After more fiddling around with this, I think only copying from
StyledText widget to clipboard appends illegal characters, not from standard Text widget.

There appear to be at least 7 different questionable characters.

Emacs' representation of illegal characters:
\276\264 &#12488;&#12514;&#12487;&#12523; \343
\201\250&#12475;&#12510;&#12531;&#12486;&#12451;
\203\236&#12531;&#12486;&#12451;\343

Hex dump:
00000000: beb4 20e3 8388 e383 a2e3 8387 e383 ab20  .. ............
00000010: e30a 81a8 e382 bbe3 839e e383 b3e3 8386  ................
00000020: e382 a30a 839e e383 b3e3 8386 e382 a3e3  ................

Actual text:
&#65533;&#65533; &#12488;&#12514;&#12487;&#12523; &#65533;
&#65533;&#65533;&#12475;&#12510;&#12531;&#12486;&#12451;
&#65533;&#65533;&#12531;&#12486;&#12451;&#65533;


Frank Benoit Wrote:

> Am 25.12.2009 23:26, schrieb Mitja:
> > strace output:
> > select(4, [3], [3], NULL, NULL)         = 1 (out [3])
> > writev(3, [{"\24\0\6\0005\2@\5\343\2\0\0\0\0\0\0\0\0\0\0\377\377\377\37"..., 24}], 1) = 24
> > select(4, [3], [], NULL, NULL)          = 1 (in [3])
> > read(3, "\1\10S6\4\0\0\0006\1\0\0\0\0\0\0\17\0\0\0VJ\25\10\374\325 \10tc\346\277\203"..., 4096) = 48
> > read(3, 0x840a2fc, 4096)                = -1 EAGAIN (Resource temporarily unavailable)
> > select(4, [3], [3], NULL, NULL)         = 1 (out [3])
> > writev(3, [{"+\0\1\0"..., 4}], 1)       = 4
> > select(4, [3], [], NULL, NULL)          = 1 (in [3])
> > read(3, "\1\2T6\0\0\0\0#\0@\5\374\325 \10tc\346\277x+\177\td\"\36\10Y3\t\10"..., 4096) = 32
> > read(3, 0x840a2fc, 4096)                = -1 EAGAIN (Resource temporarily unavailable)
> > select(4, [3], [3], NULL, NULL)         = 1 (out [3])
> > writev(3, [{"\23\0\3\0005\2@\5\343\2\0\0+\0\1\0"..., 16}], 1) = 16
> > select(4, [3], [], NULL, NULL)          = 1 (in [3])
> > read(3, "\34\"U65\2@\5\343\2\0\0\0\252Fc\1\2\0\0\4\0\0\0\1\0\0\0@B\233\t\1"..., 4096) = 64
> > read(3, 0x840a2fc, 4096)                = -1 EAGAIN (Resource temporarily unavailable)
> > --- SIGSEGV (Segmentation fault) @ 0 (0) ---
> > +++ killed by SIGSEGV +++
> > 
> 
> Oh, i did not mean strace (which is a trace of the OS calls a process does), instead i mean stack trace.

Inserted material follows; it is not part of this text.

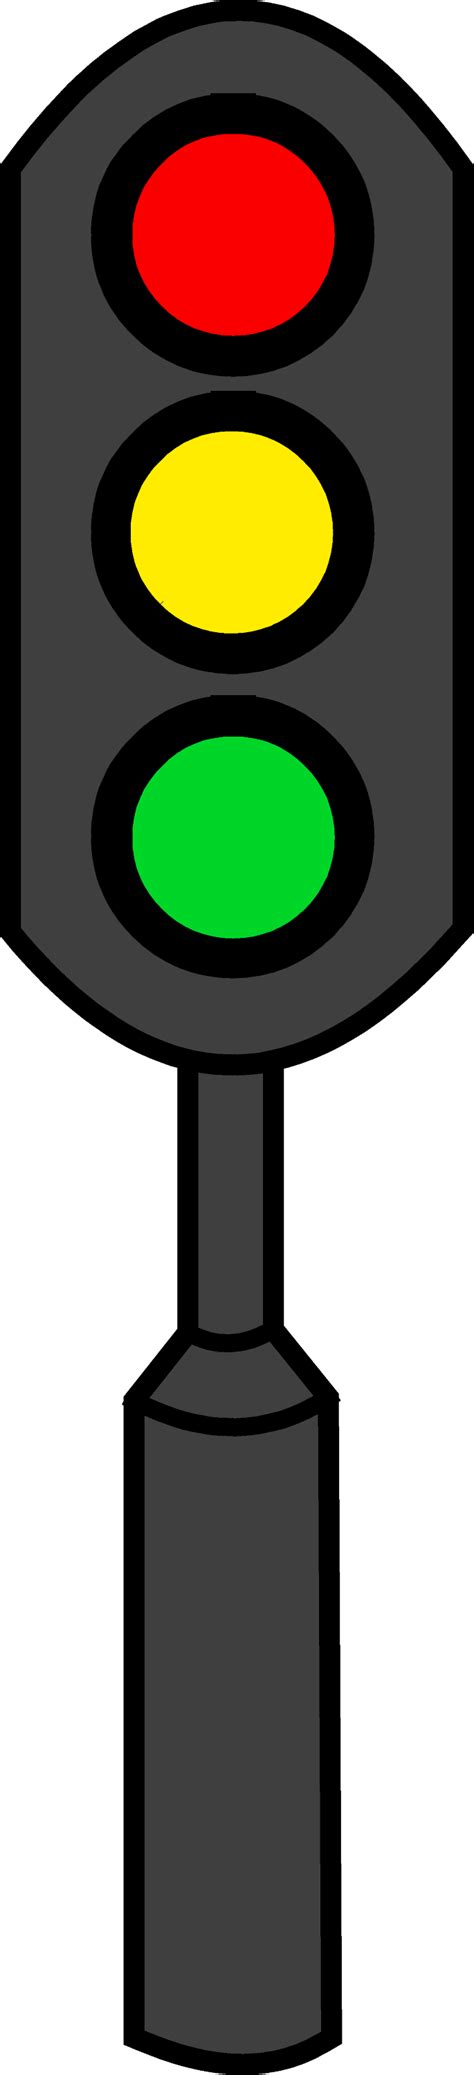 Traffic Light Clip Art Free Clip Art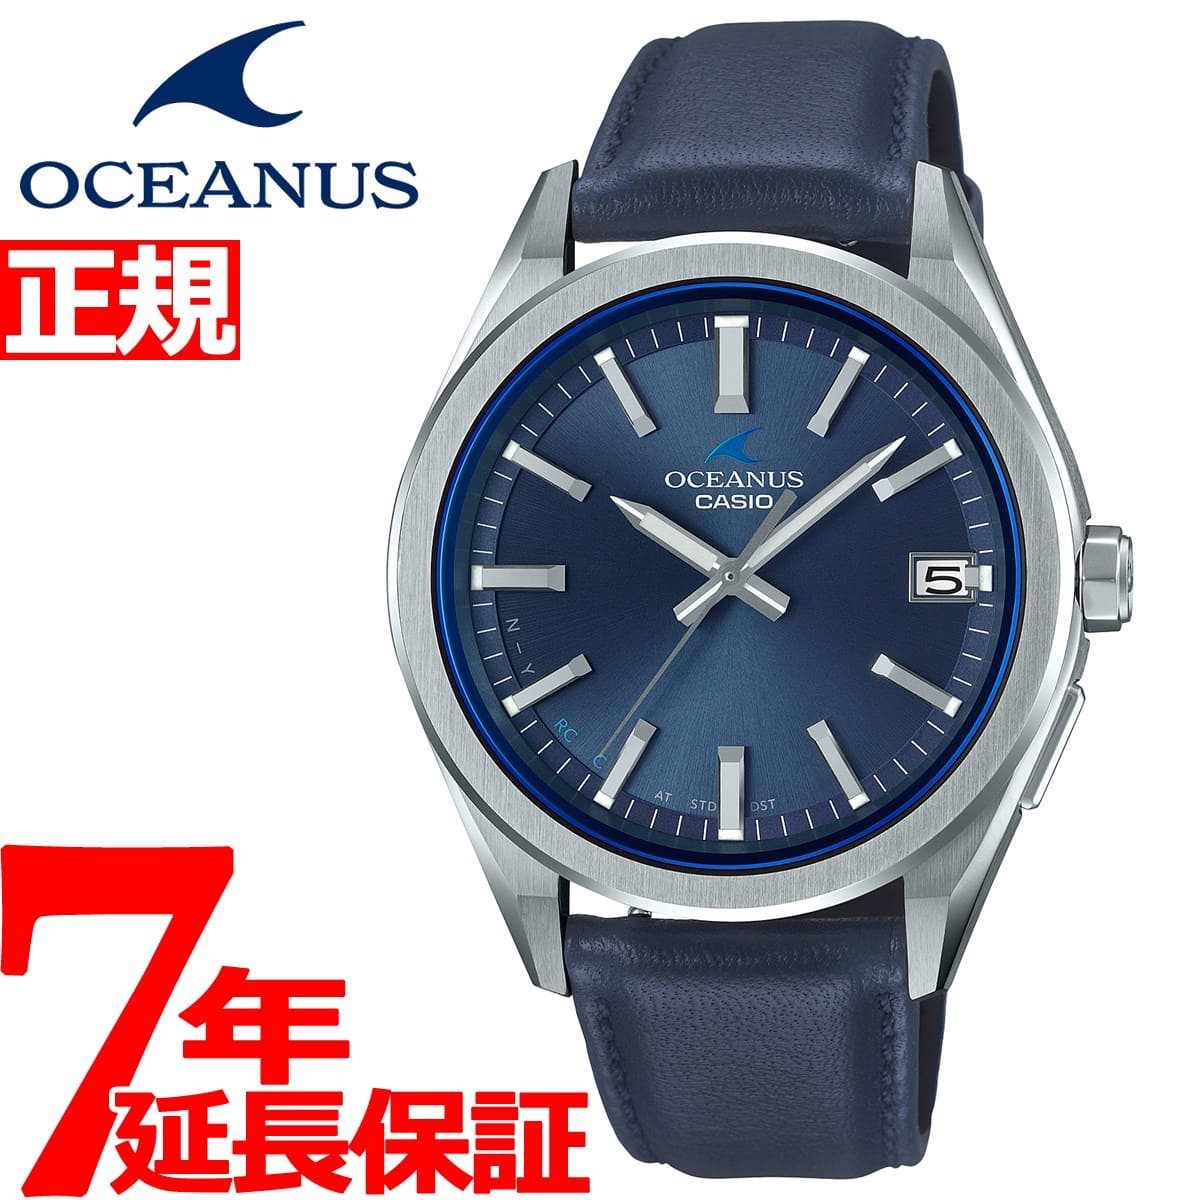 38％割引ホワイト系最新な カシオCASIOオシアナス OCW-T200SLE-2AJR 腕時計(アナログ)  メンズホワイト系-THULOKITAB.COM

You can perhaps get it with the current tango (i think) or by running the program in GDC and after the segfault run the "backtrace" command in it. It show the code line where the segfault happens and the code lines where this one was called from.
> 
> 
> > Example code:
> > module text;
> > 
> > import dwt.DWT;
> > import dwt.custom.StyleRange;
> > import dwt.widgets.Text;
> > import dwt.layout.FillLayout;
> > import dwt.widgets.Display;
> > import dwt.widgets.Shell;
> > 
> > void main() {
> >     Display display = new Display();
> >     Shell shell = new Shell(display);
> >     shell.setLayout(new FillLayout());
> >     Text text = new Text(shell, DWT.BORDER);
> >     shell.pack();
> >     shell.open();
> >     while (!shell.isDisposed()) {
> >       if (!display.readAndDispatch())
> >         display.sleep();
> >     }
> >     display.dispose();
> > }
> > 
> 
> thanks.
> 
> 
> > I cannot reproduce the character.
> > The way I got it was by pasting block of Japanese or Chinese characters into text widget and then selecting by mouse and copying a few characters from that block.
> > Illegal character(s) would as a result of copying appear in Klipper (KDE clipboard), usually in front or at the end of copied selection.
> > Segmentation fault would occur when I pasted back the very same selection, now with prepended or appended illegal characters.
> > 
> 
> Hm, perhaps you can paste the same into a editor and open it with a hex-view (hexdump) to make the byte values visible.
> 

December 26, 2009
sorry, i thought i can take the time.
but i haven't, so i can get you the support and fix the problem.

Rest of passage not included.